The Dacoit Western is a transnational film genre forged out of a synthesis between the Dacoit film and the Italian Western in the late 1960s and early 1970s. The dacoit in popular culture has undeniably been represented with ambivalence, chiefly as a romantic figure, existing outside mainstream society. Yet the rebellious nature of the dacoit, disregarding law and order has often made the dacoit an oppositional entity, a symbol of counter culture, dissent and even protest. Sonchiriya is a Dacoit Western but it seems so much more political given the age of Modi, with overtures to do with caste and gender that seem altogether absent from the genre in the past. Apart from the songs that are incorporated seamlessly into the narrative, this is very much an exquisitely mounted art film pitched as moderately mainstream. Since genres like horror, science fiction and the Western are perfect vehicles for ideological subversion, allowing filmmakers to smuggle in all kinds of social and political dissent, filmmaker Abhishek Chaubey and scriptwriter Sudip Sharma succeed in delivering a high end genre film, navigating the terrain and conventions of the Dacoit Western with a creative zeal.
Sonchiriya takes place in the valleys of Chambal in the 1970s when the notorious dacoit Man Singh and his band of rebels reigned supreme. A point of real curiosity for film buffs is that actor Manoj Bajpayee had previously played a dacoit in Shekar Kapur’s Bandit Queen who also goes by the name of Man Singh. I’m still not sure if he is playing the same character since the historical timeframes in the two films suggest otherwise. A folklore and mythology has emerged around the dacoits of Chambal in the 1970s and the film is careful not to strip away this mystique. In fact, the film enhances the haunted nature of the dacoit with metaphysical aspects that also connect with the desolate topography. A tactile work, conjuring a sharp sense of the milieu with the camera constantly pushed up against the face of the actors while also going as wide as it can when filming the rugged vistas of Chambal makes you almost taste the dirt and feel the sweat. For instance, the film opens with the sound of buzzing flies on the rotting cadaver of a snake. Such a wretched image of death recalls the cinema of Sam Peckinpah and Sergio Leone in the way in which Chaubey chooses to magnify this particular detail whereby it takes on a larger than life symbolism and acts as a foreboding precursor of things to come, much of it twisted and violent.

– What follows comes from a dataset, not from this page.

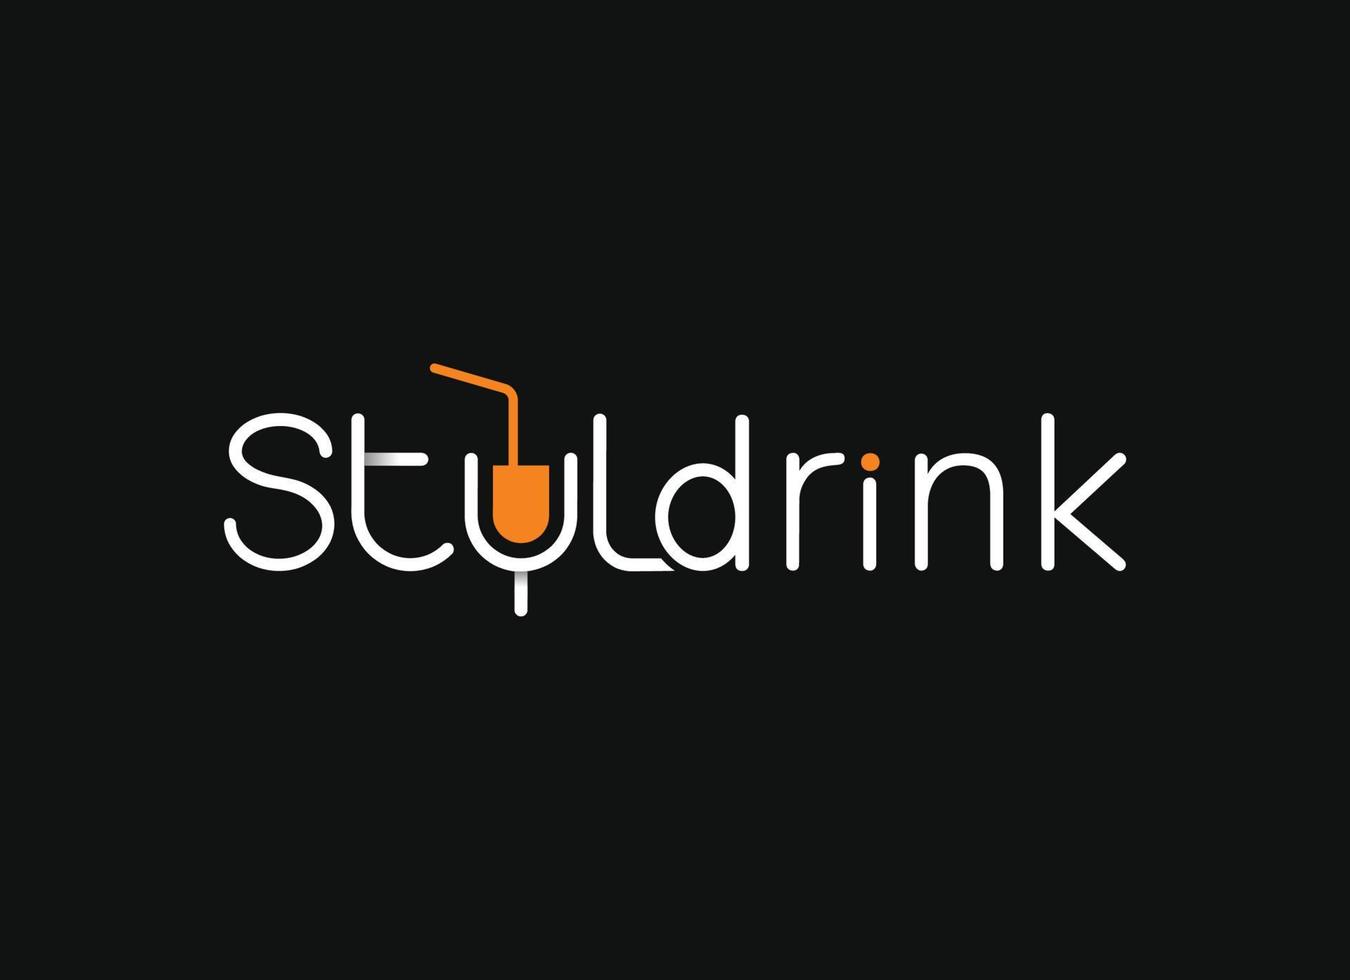 styledrink criativo ícone exclusivo e logotipo, ícone de download gratuito, empresa ou logotipo moderno simples de negócios. ícone de vetor de ações.

In the first major set piece, the gang’s entry into Brahmpuri village is juxtaposed to a radio announcement of Indira Gandhi’s declaration of the Emergency of 1975. The ambush by the police in Brahmpuri leads to a shootout and which the machinations of violent state repression unleashed by the Emergency are realised in the political impunity with which the police act towards the dacoits, massacring them. Later Man Singh’s dead body is paraded through the village, a grotesque spectacle of power and ugly expression of vengeance. It is also worth pointing out the gang see themselves as rebels whereas the police demonize them as dacoits. This is an important distinction since it is only later that we discover that Man Singh is not merely a rebel but has a conscience and lives by a stringent moral code. Thematically, redemption for the dacoit is woven through the episodic narrative structure anchored in the fortuitous device of trying to get a wounded Dalit girl who has been raped to a hospital. While the episodic structure works to mirror the nomadic and exilic state of the dacoit, suggesting how they are doomed to wander, the use of key flashbacks that narrates a past drenched in prodigious horrors and from which no one can really escape returns to Chaubey’s genre preoccupations expressly noir that he deftly mined in Ishqiya (2010).
Nearly all of the characters that populate the film aside from the women are loathsome scoundrels. But that is to be expected, after all this is a Dacoit Western. Lakhna (Sushant Singh Rajput), a mediating figure, often openly questioning their marauding nature, while Man Singh exudes a magnetism that is articulated brilliantly by Manoj Bajpayee, still one of Indian cinema’s most complete actors. The most startling performance comes from Ranvir Shorey as Vakil Singh, the most temperamental of the gang. Shorey has been busily working since the late 1990s but I feel he doesn’t gets the credit he deserves as an actor, especially someone who has nurtured a considerable range. The symbolism of the dacoit is interchangeable and situated on the margins it comes to stand in for many oppositional ideologies. However, I would reason the apolitical nature of the dacoit, erasing the concept of the social bandit in favour of something more mythical shows a reluctance to frame the dacoit as ideological. But the caste dimension does at time negate such apolitical reasoning. Nevertheless, Chaubey and Sharma show little in terms of taking sides in this immoral universe, choosing to enunciate a perverse social order that exists including hierarchal power struggles and an on-going contestation to do with bridari that reduces pretty much everyone to animals. And in the final shot, a twisted coda, it is vehemence and fatalism that prevails, the lifeblood of film noir.